With considering the clinical significance of AA metabolism, it may be useful to partition certain aspects of this complex biology. For example, it is known that COX products are constitutively required for the maintenance of normal gastric epithelium, and from a clinical tolerance perspective, it would be good not to interfere with this function.

As we have discussed, chronic injury initiates an excessive release of cytokines and other inflammatory mediators such as arachidonic acid metabolism products which could trigger carcinogenesis. In devising therapeutic strategies, with the arachidonic acid products, greater attention to the impact of levels of mediators may be rewarding. For beneficial effects with carcinogenesis, it would be of interest to evaluate if reduction, rather than complete elimination, in levels of arachidonic acid products would be efficacious without incurring clinical toxicity. Moreover, exploring the effects of PPARγ activity in different contexts, such as anoikis, could provide relevant mechanistic information about PPARγ function that might allow an improved design of combination therapies.
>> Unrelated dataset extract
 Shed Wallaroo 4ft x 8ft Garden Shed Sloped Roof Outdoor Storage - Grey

Important opportunities exist to reduce the occurrence of low frequency but significant hepatic toxicity by considering the use of aerosolized drug delivery strategies. This would potentially greatly enable the use of combination approaches, as discussed in this review, for early lung cancer management applications.
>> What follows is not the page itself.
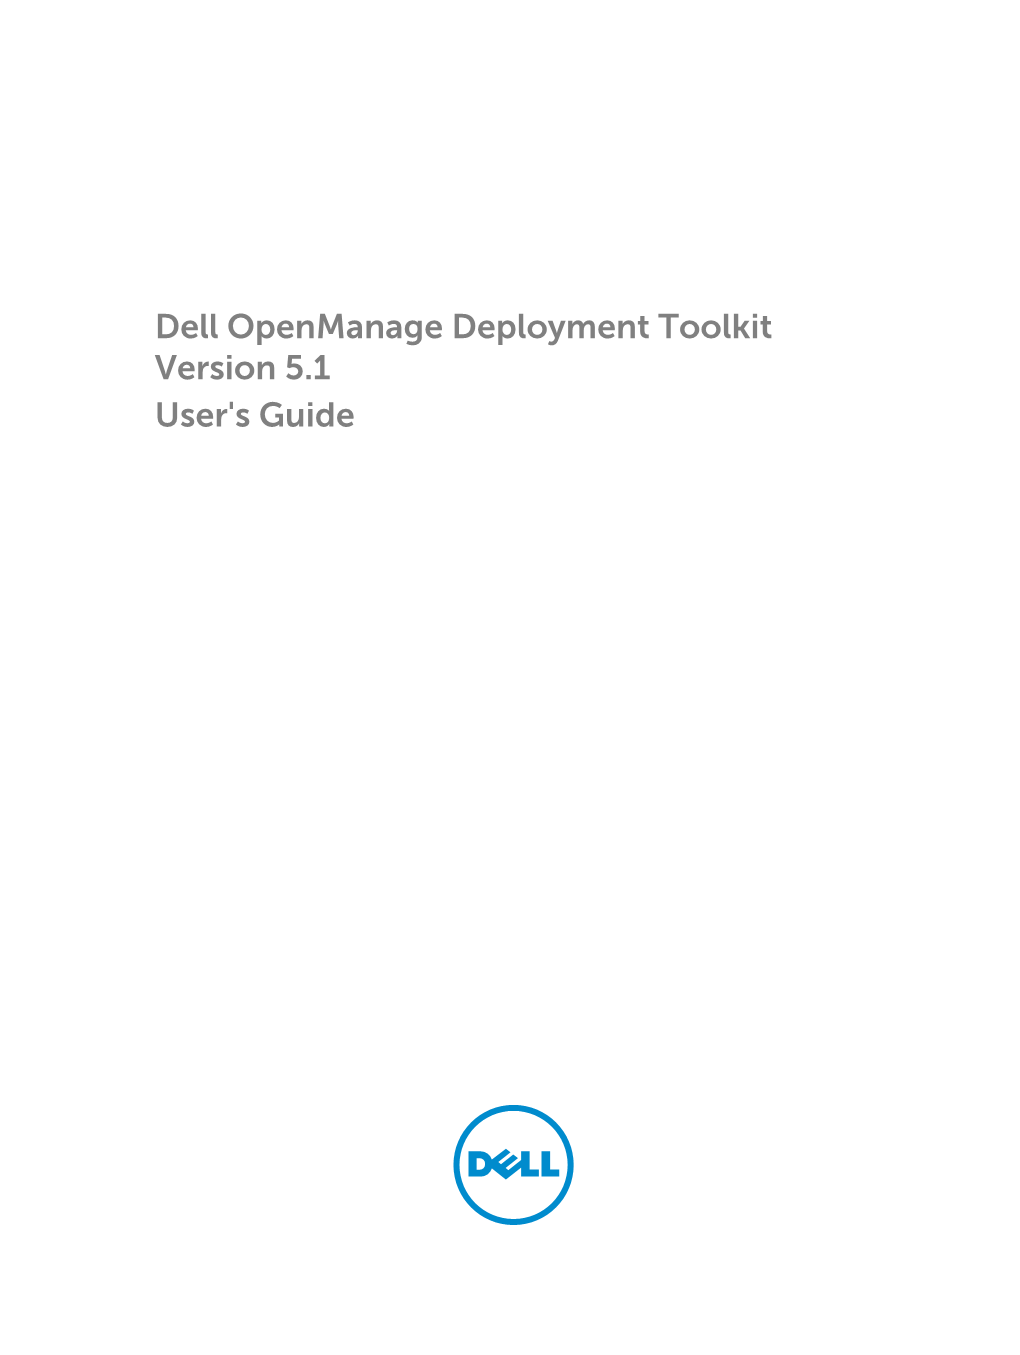 Dell Openmanage Deployment Toolkit Version 5.1 User's Guide Notes, Cautions, and Warnings

Development of robust clinical pharmacology tools, such as the assay for urinary PGM, could allow for a precise and adaptive method to define optimal dosing for LOX/COX inhibitors. This approach may provide an important new opportunity in learning how to more effectively exploit the effects of inhibiting LOX and COX pathways, in combination with PPARγ activation, on control of proliferation and apoptosis in lung cancer.